Friday, May 21, 2010

Will all the worrywarts please stand up?

I am a worrier. I worry about things I can control. I worry about things I can't control. I worry about what other people think (when I don't know them and even more when I do).  I worry about what might happen.  I worry about what might not happen.  I...am...a...worrier.

The good news? I am also a problem solver and normally this counter balances all my worry and life is pretty good.  Sometimes though...the worry takes over and I end up physical symptoms of my worry.  I get heartburn, rib pain (doctors call it costochondritis), and an assortment of "stomach issues".

After 3.5 days of what I thought was a mild stomach virus I am beginning to think that it is in fact stress induced because really my only symptom after the first day has been extreme nausea.  Why am I worried? (thanks for asking by the way)  Well, since I am also a list maker, let's put the worries into a list:
  • I am having surgery on Monday to repair "damage" done during the birth of my son. 
  • My mom is flying across the country, leaving her partner who depends on her help to get through the day, to help me because I won't be able to lift S for a week.  
  • S is a teething 4.5 month old that seems to have fits of fussiness that are really hard to handle and I feel guilty about making my mom deal with it.
  • This surgery means that I have another 4-6 weeks of recovery before I can exercise again and I miss exercising.
  • I am going back to NY for the first time in 4 years and all I keep thinking about is how the "fat" me is going back there, not the "real" me.   
  • I started this blog as a creative outlet for myself, but I spend way too much time editing what I write because I fear what people will think...the whole time worrying about how people perceive me.
If I really wanted to get carried away I could add a bunch of "on-going worries" to the list.  You know, the ones about never getting enough housework done and "earning" my keep or even better, the worry that I am not doing something for S that I should be, therefore delaying his development in some way.
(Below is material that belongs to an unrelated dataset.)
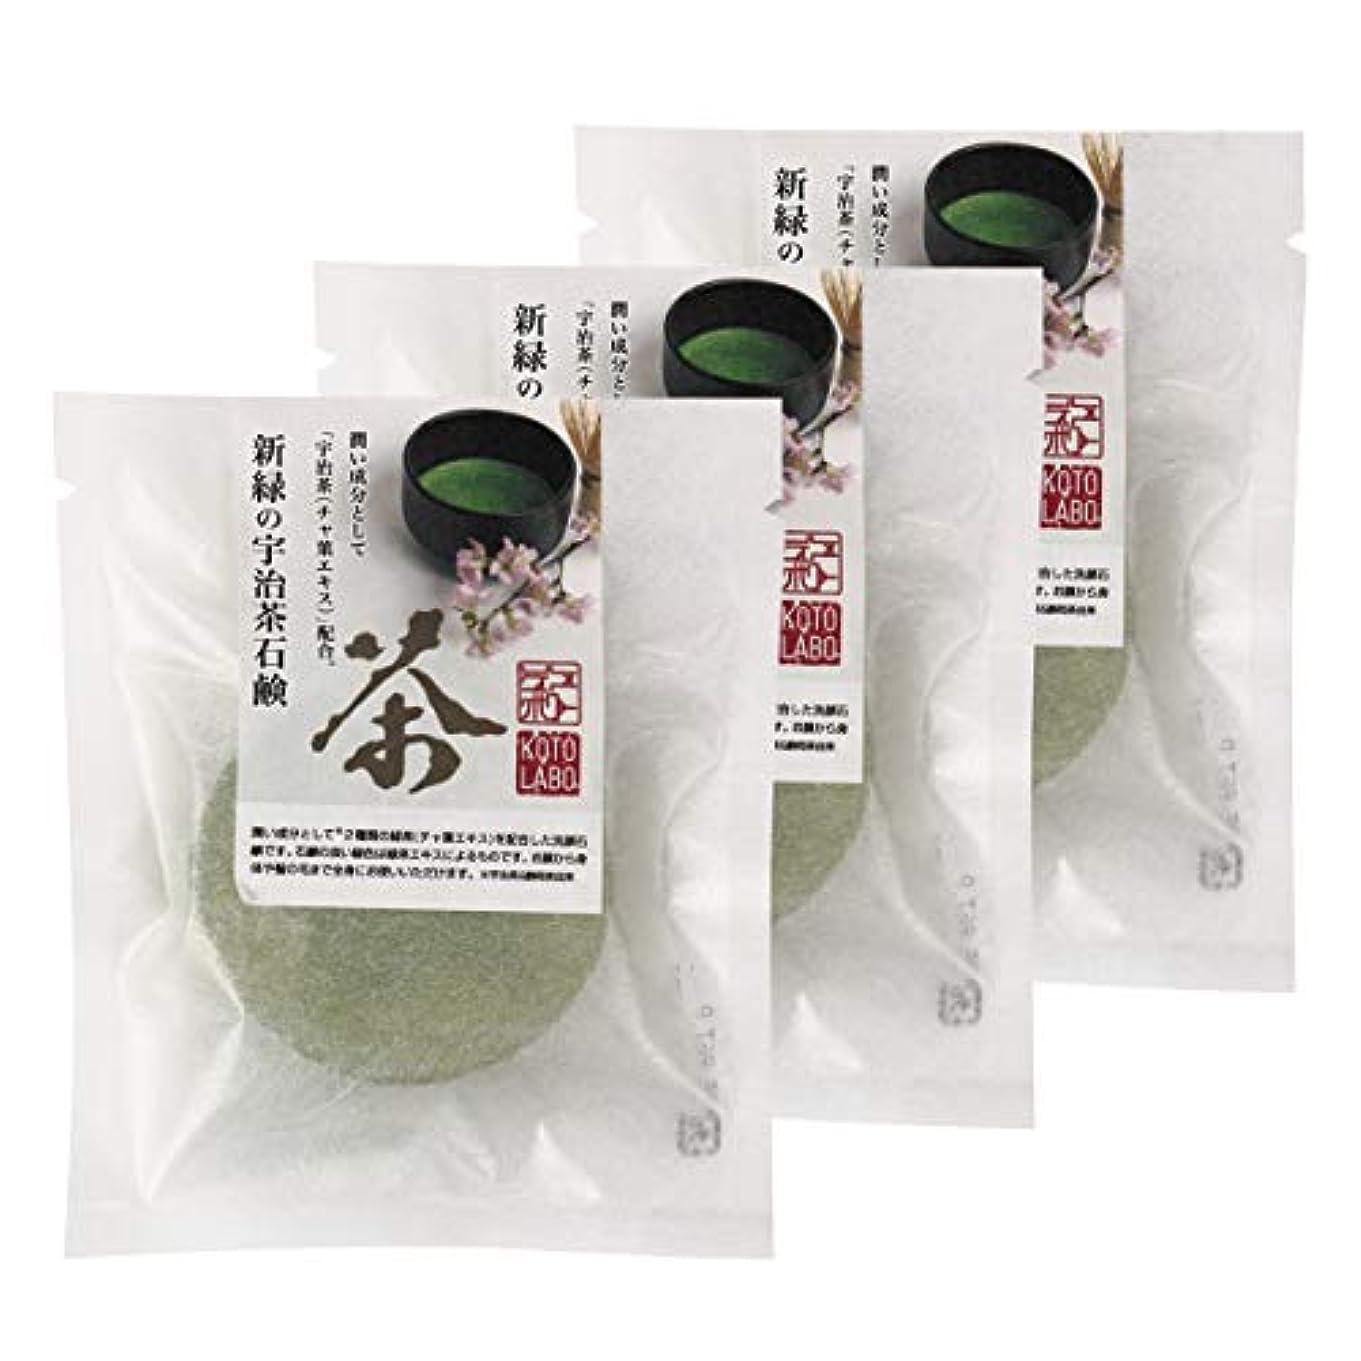 コトラボ 新緑の宇治茶石鹸 40g×3個セット (お顔?全身用)

Creating a list about all my worries makes me feel really whiny and contrite when there are women that have far worse problems than I do.  Should I add "Guilt Ridden" to the list of worries?

I would like to blame all this worrying on being a mom, but the truth is I have always been and always will be a worrier.  In fact, the worry is like an old friend that keeps my mind busy and my body moving. Sure I would love to have less physical side effects from it, but I don't think I would be me without it all together.